Democratic Sentinel, Volume 9, Number 5, Rensselaer, Jasper County, 27 February 1885 — Age in a Woman. [ARTICLE]

Age in a Woman.

Age in a woman is a ticklish subject, and I have been talking with an expert about it—that is to say, a physician of heavy and long practice. I reminded him that we can judge of a horse's years by his mouth, and why couldn’t some rule be laid down, in a widely general way, as data to go on in estimating the age of a human being? “Do horses wear false teeth!” the man of medicine answered. “Do they dye their gray hairs, or putty up the wrinkles in their faces? Seriously, there is nobody so expert as to learn the age of a woman with anywhere near exactitude by physical observation. The uncertainty isn’t altogether due to deceptive practices, either, but to the widely varying effect of time in individuals. As a rule, brunettes look older than blondes at a corresponding age. As to the plumpness and the lack of it, fat may be said to increase the apparent age of a girl under 25, and to lessen it in a woman over that; and the reason is that slenderness is girlish as long as it does not produce wrinkles, while rotundity keeps the skin taut and smooth. “But these are mere generalities.

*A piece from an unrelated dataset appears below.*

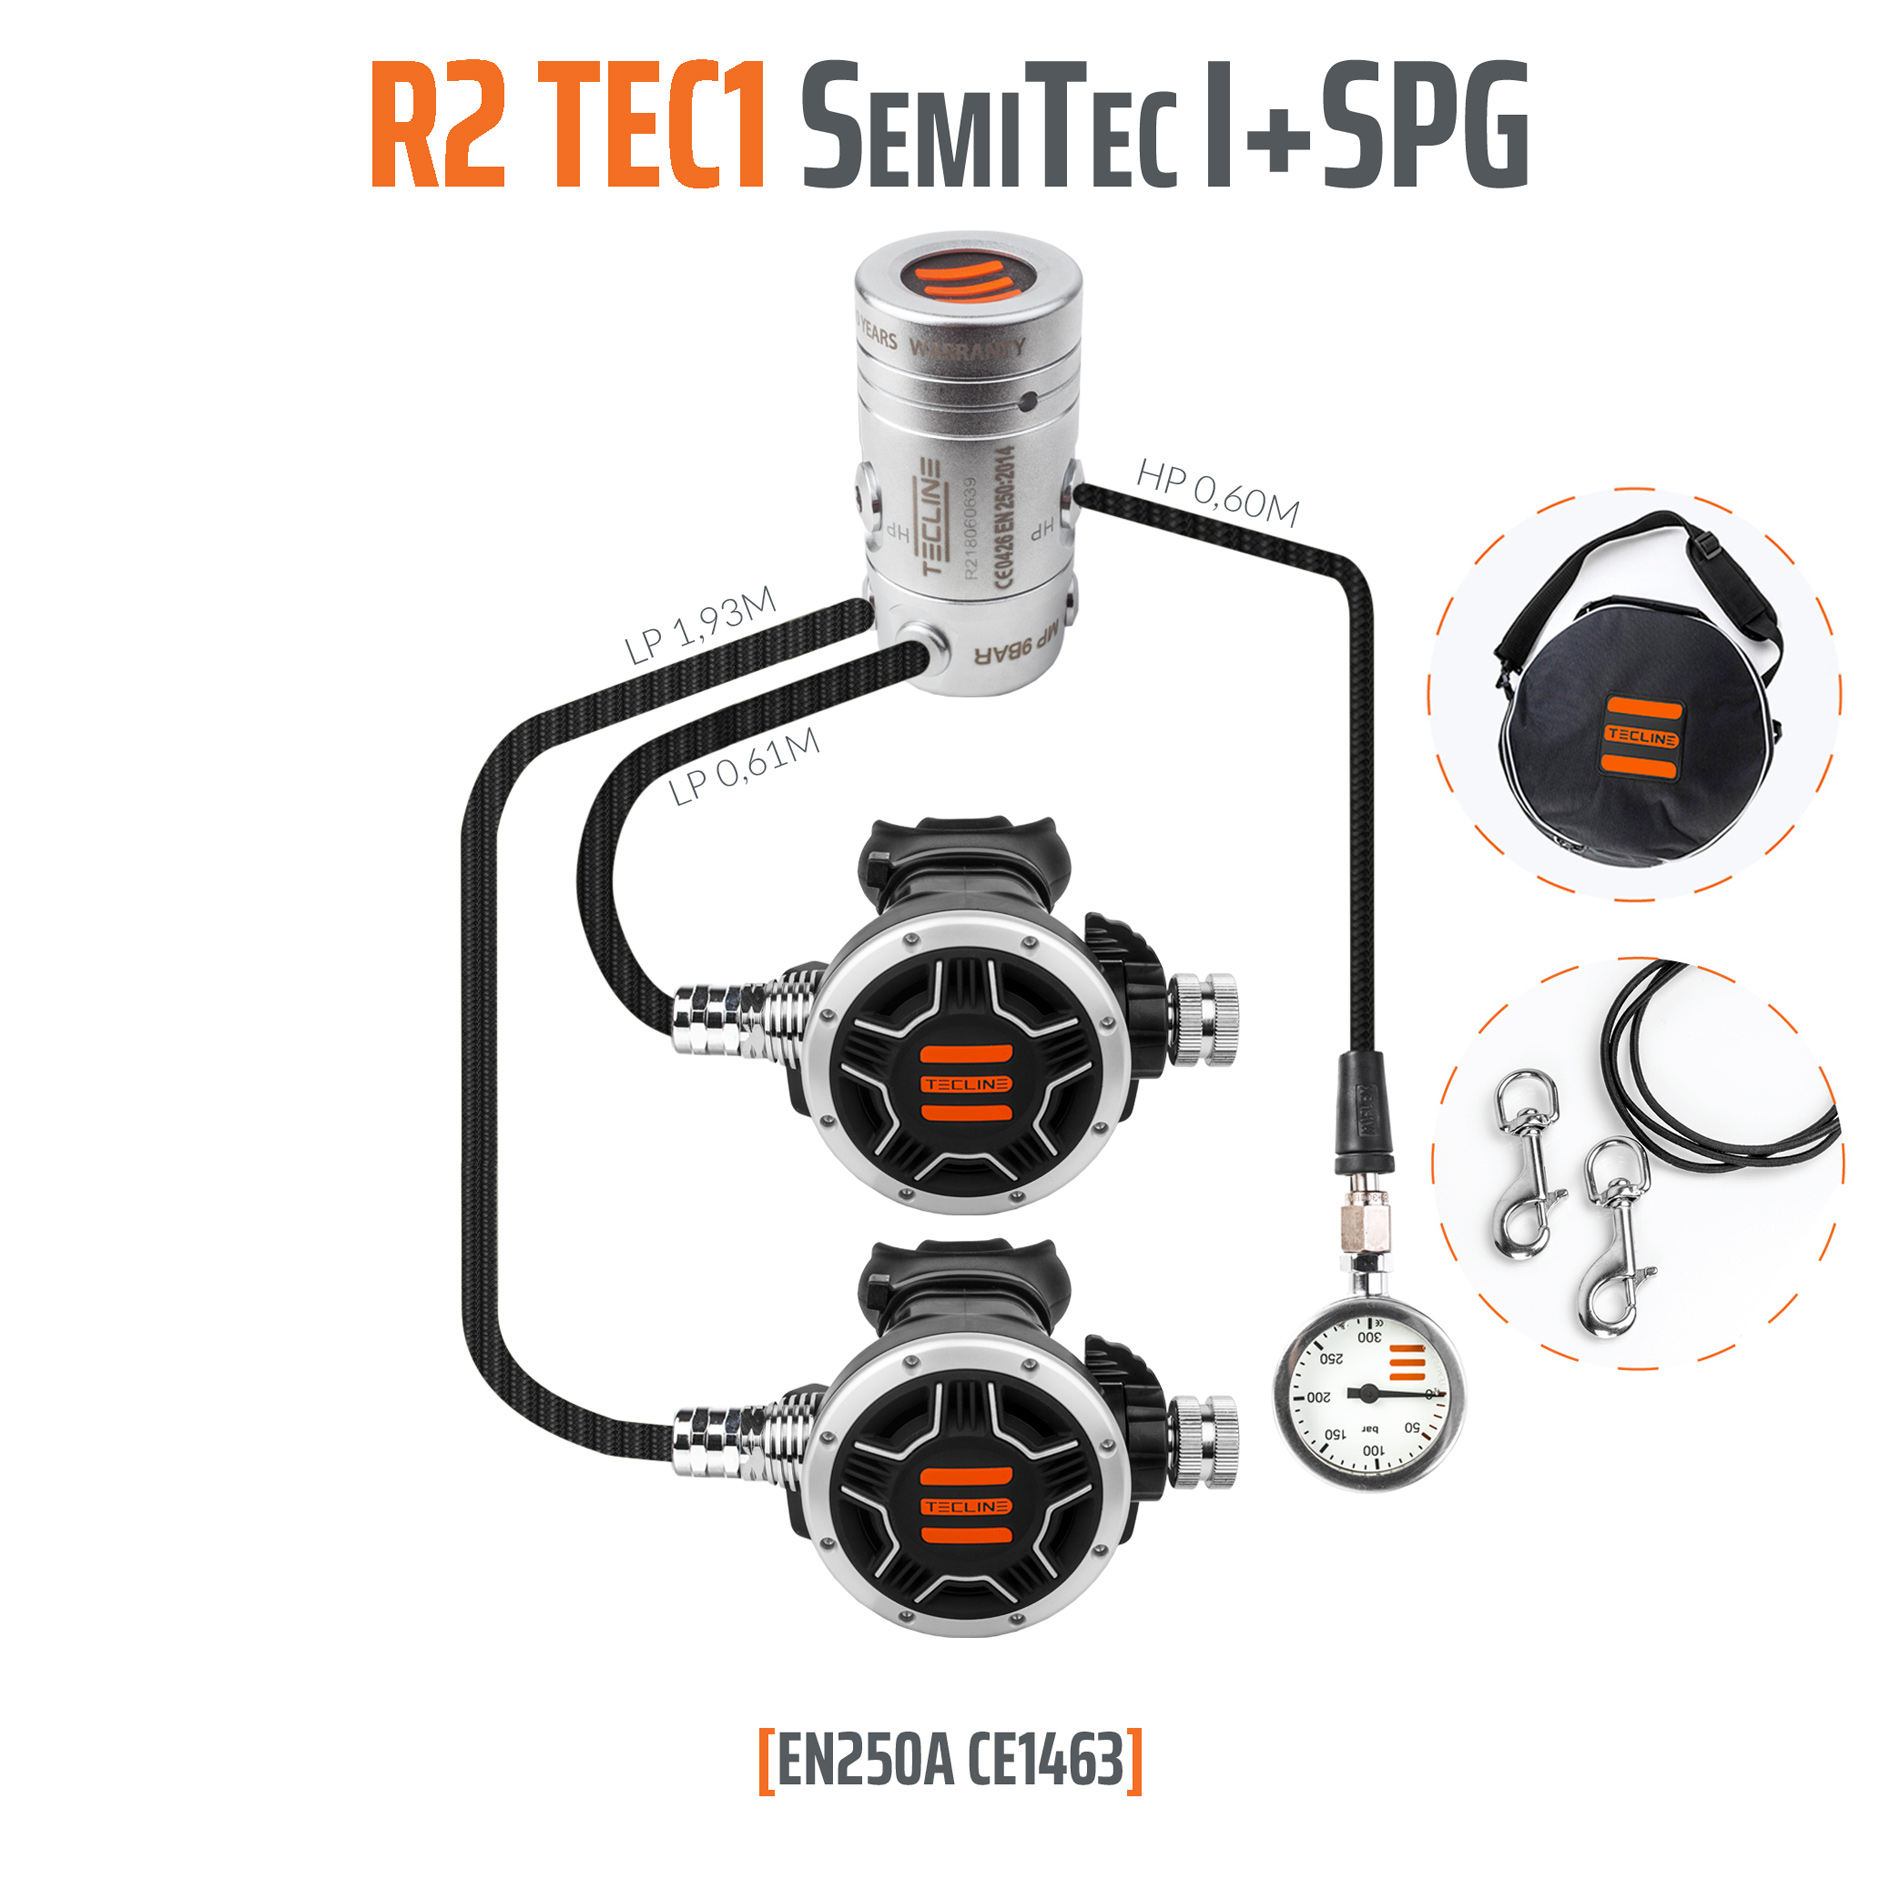 Tecline Regulator R2 TEC1 SemiTec I set with SPG – EN250A
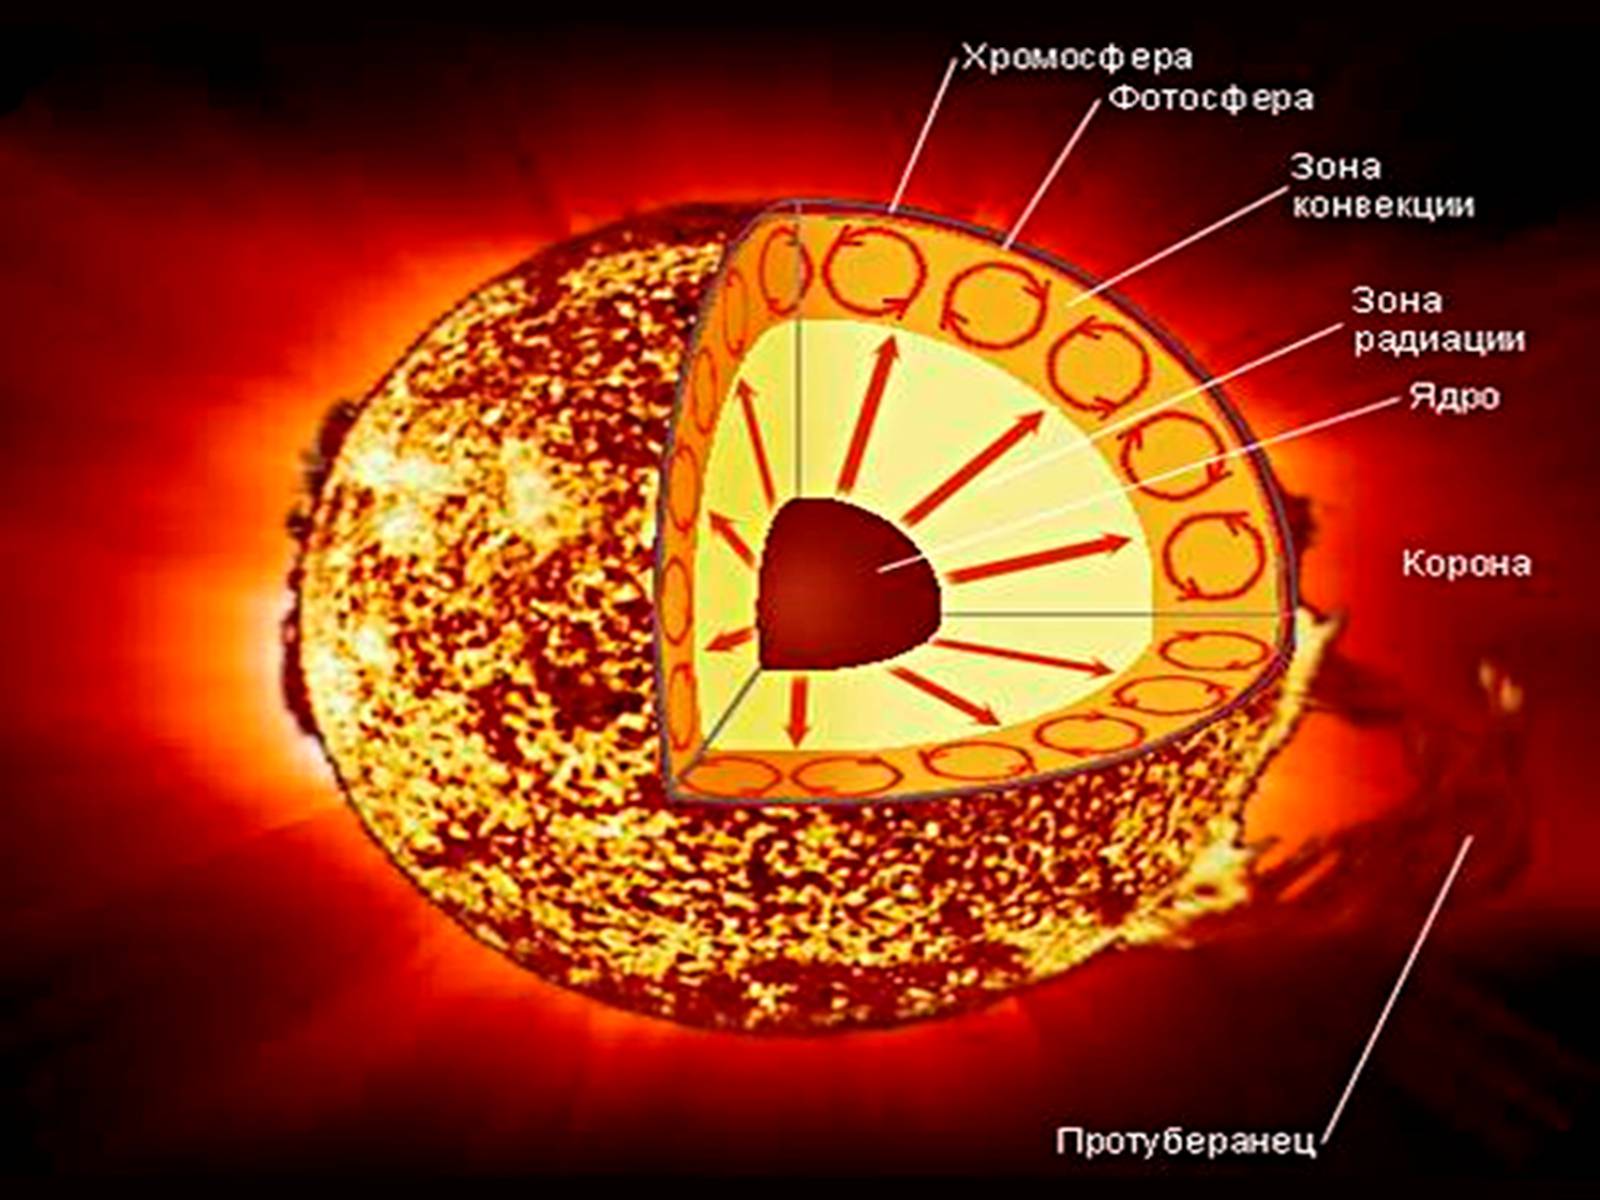 Верхний слой солнечной атмосферы. Строение атмосферы солнца Фотосфера хромосфера Солнечная корона. Строение солнца хромосфера Фотосфера. Внутреннее строение солнца Фотосфера. Строение солнца схема.

In no gathering of women strangers to you could you guess the ages within five years on the average, and in half the instances you would be ten years out of the way. I know a woman of 35 with a son of 18, and when out together they are commonly mistaken for brother and sister. Popular ideas as to the ages of actresses is extravagantly erroneous. I could name several whom I know to be tremendously outraged by overestimates. Heal th is the only preserver of juvenility. Cosmetics, without exception, are injurious finally, if not at once. The skin is deadened by unguents and powders that fill the pores. But on the whole a woman can’t greatly alter her countenance as to its showing of her age, whether the exhibit be true or false.”— New York Cor. Chicago Herald.